One of the most-alarming aspects of climate/weather change/global warming is the science — the most current report is always worse than the previous one and sometimes the figures are amazing.
Just a couple of examples can be found here and here.
If this trend continues, and most-likely it will, the very-near-future will assure there will cease to be any kind of global warming deniers — the reality of the horror will be staring us in the panic-stricken face.
Maybe the climate mutation won’t be as quick and violent as depicted in the film, “Day After Tomorrow,” but who’s to really say as science seems to continually confirm the environment is accelerating toward the whacked.
(Illustration found here).
So this from the BBC on how one of the largest glaciers in Antarctica is thinning four times faster than it was just a decade ago:
A study of satellite measurements of Pine Island glacier in west Antarctica reveals the surface of the ice is now dropping at a rate of up to 16m a year.
Since 1994, the glacier has lowered by as much as 90m, which has serious implications for sea-level rise.
The work by British scientists appears in Geophysical Research Letters.
…
Calculations based on the rate of melting 15 years ago had suggested the glacier would last for 600 years. But the new data points to a lifespan for the vast ice stream of only another 100 years.
…
One of the authors, Professor Andrew Shepherd of Leeds University, said that the melting from the centre of the glacier would add about 3cm to global sea level.
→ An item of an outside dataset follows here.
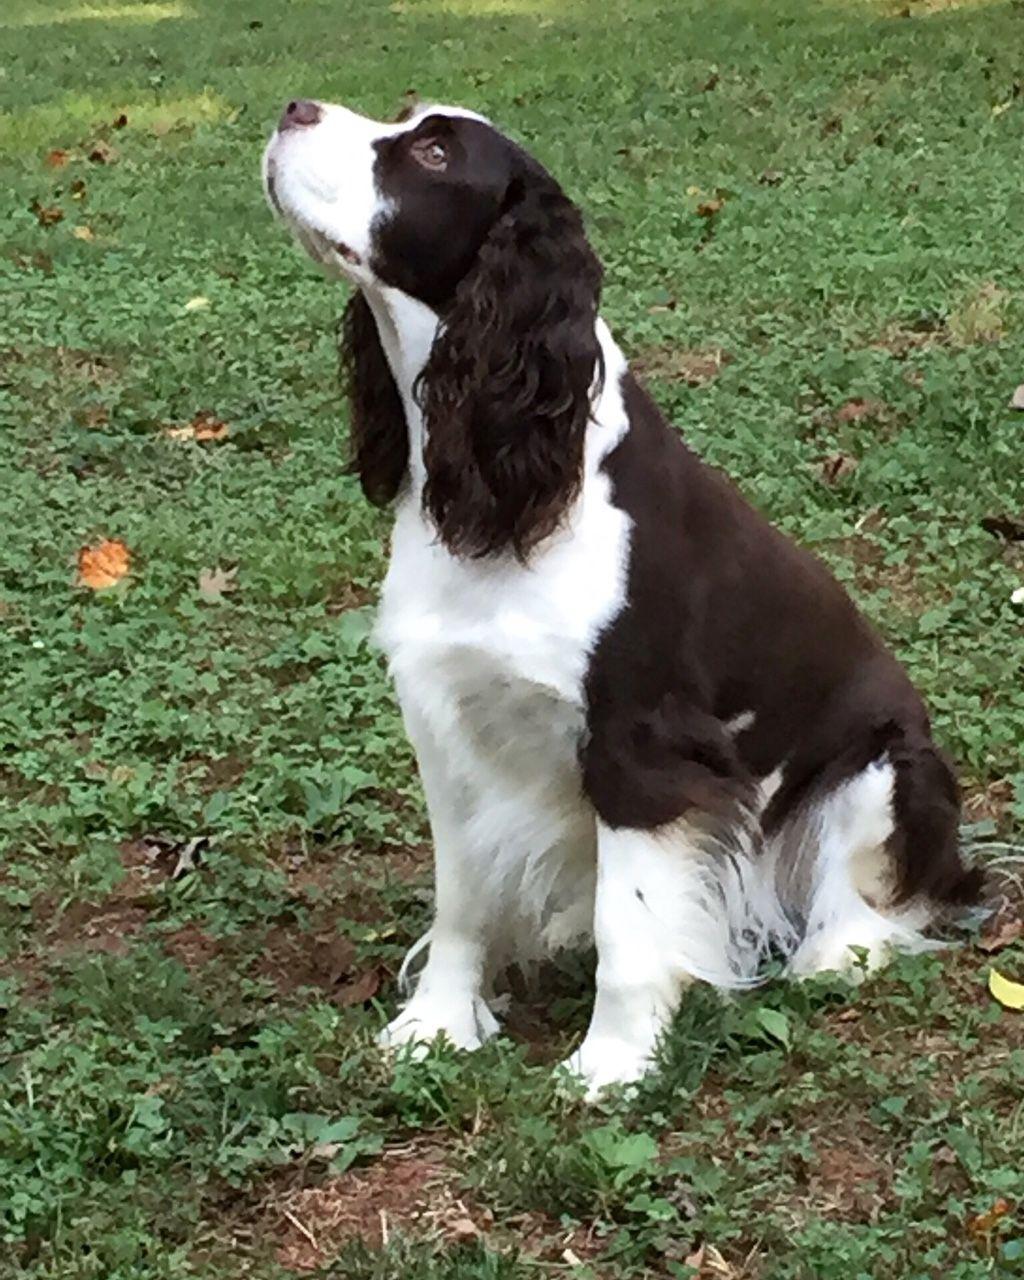 Mossmoon Moon Hunting Dogs Breeds Cocker Spaniel Dog

“But the ice trapped behind it is about 20-30cm of sea level rise and as soon as we destabilise or remove the middle of the glacier we don’t know really know what’s going to happen to the ice behind it,” he told BBC News.
“This is unprecedented in this area of Antarctica. We’ve known that it’s been out of balance for some time, but nothing in the natural world is lost at an accelerating exponential rate like this glacier.”
In 2006, the Christian Science Monitor reported:
Global warming appears to be pushing vast reservoirs of ice on Greenland and Antarctica toward a significant, long-term meltdown.
The world may have as little as a decade to take the steps to avoid this scenario.
…
By 2100, spring and summer temperatures in the Arctic could reach levels that trigger an unstoppable repeat performance, they say.
Over several centuries, the melt could raise sea levels by as much as 20 feet, submerging major cities worldwide as well as chains of islands, such as the present-day Bahamas.
The US would lose the lower quarter of Florida, southern Louisiana up to Baton Rouge, and North Carolina’s Outer Banks.
The ocean would even flood a significant patch of California’s Central Valley, lapping at the front porches of Sacramento.
As noted that report was from two years ago when things seemed fine and dandy.
Welcome to the new movie, “The Day After Yesterday.”
(Another great h/t to Climate Progress).